Tiga Puluh Enam: Kompleksitas!

82 10 0
                                    

Sejak tadi, Agatha sama sekali tidak dapat memejamkan mata. Hingga tengah malam perempuan itu masih terjaga di kamarnya. Dia pastikan barang bawaannya sudah masuk semua ke dalam koper yang teronggok di pojokan kamar.

Tepat pukul Dua dini hari, dia mengambil semua barang yang sudah disiapkan dan mengendap keluar kamar. Rumah besar yang sudah memberikan kenyamanan selama 12 tahun itu dia tinggalkan.

Sebelum meninggalkan rumah, Agatha memastikan semua yang dia butuhkan sudah dibawa. Termasuk surat-surat kepemilikan aset yang berhasil dia balik nama atas namanya sendiri.

Di luar, satu unit mobil bersembunyi tidak jauh dari rumah itu, sopirnya menunggu di gerbang. Begitu Agatha berhasil keluar dari rumah, sopirnya itu segera menyambut untuk membantu membawa koper dan satu tas yang Agatha bawa.

Sayangnya gerbang dikunci. Mang Parman, penjaga rumah yang selalu berjaga di pos dekat gerbang tidak ada di tempatnya. Agatha putus asa, dia masuk ke dalam pos penjagaan dan mengobrak-abrik tempat itu mencari kunci gerbang.

"Sialan!" hardik Agatha begitu tahu apa yang dia cari tidak ada di sana.

Dia edarkan pandangannya di ruangan yang tidak begitu luas itu.

"Yank, buruan."

Dari luar, Robin memanggilnya. Agatha yang terlanjur putus asa akhirnya keluar dari pos dan berlari menuju rumah.

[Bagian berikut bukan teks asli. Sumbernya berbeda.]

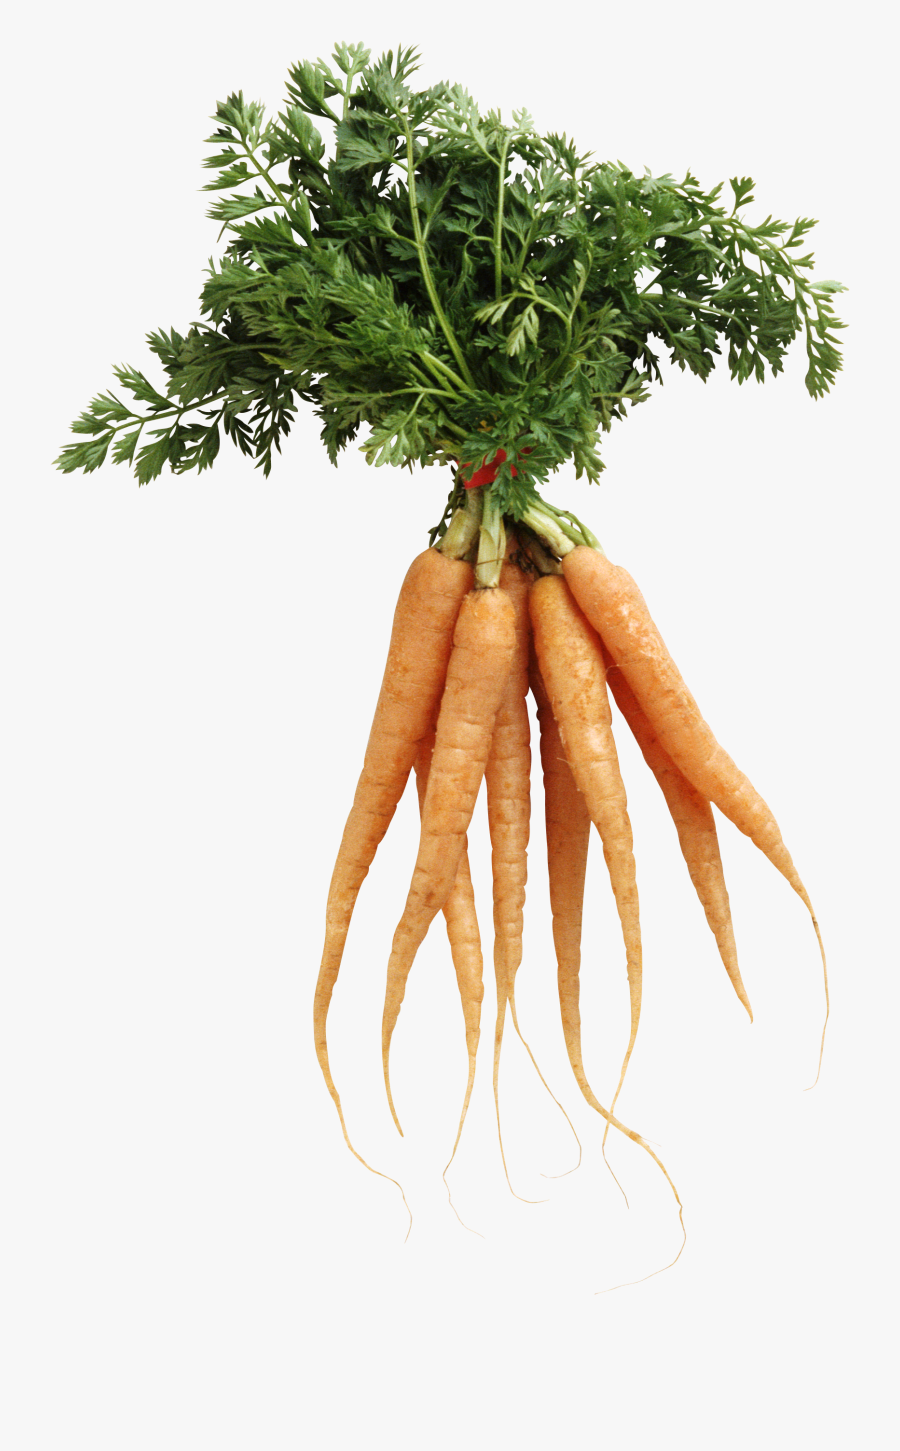 Carrot Png Image - Carrots With No Background, Transparent Clipart

"Mau ke mana?" tanya Robin setengah berteriak.

"Ambil kunci bentar."

Agatha ingat, satu gerendel kunci selalu tersimpan di ruangan samping sebelah garasi. Dia bisa kembali ke rumah tanpa diketahui siapa pun. Gerakannya cepat khawatir penghuni rumah termasuk ayah dan Ibunya bangun.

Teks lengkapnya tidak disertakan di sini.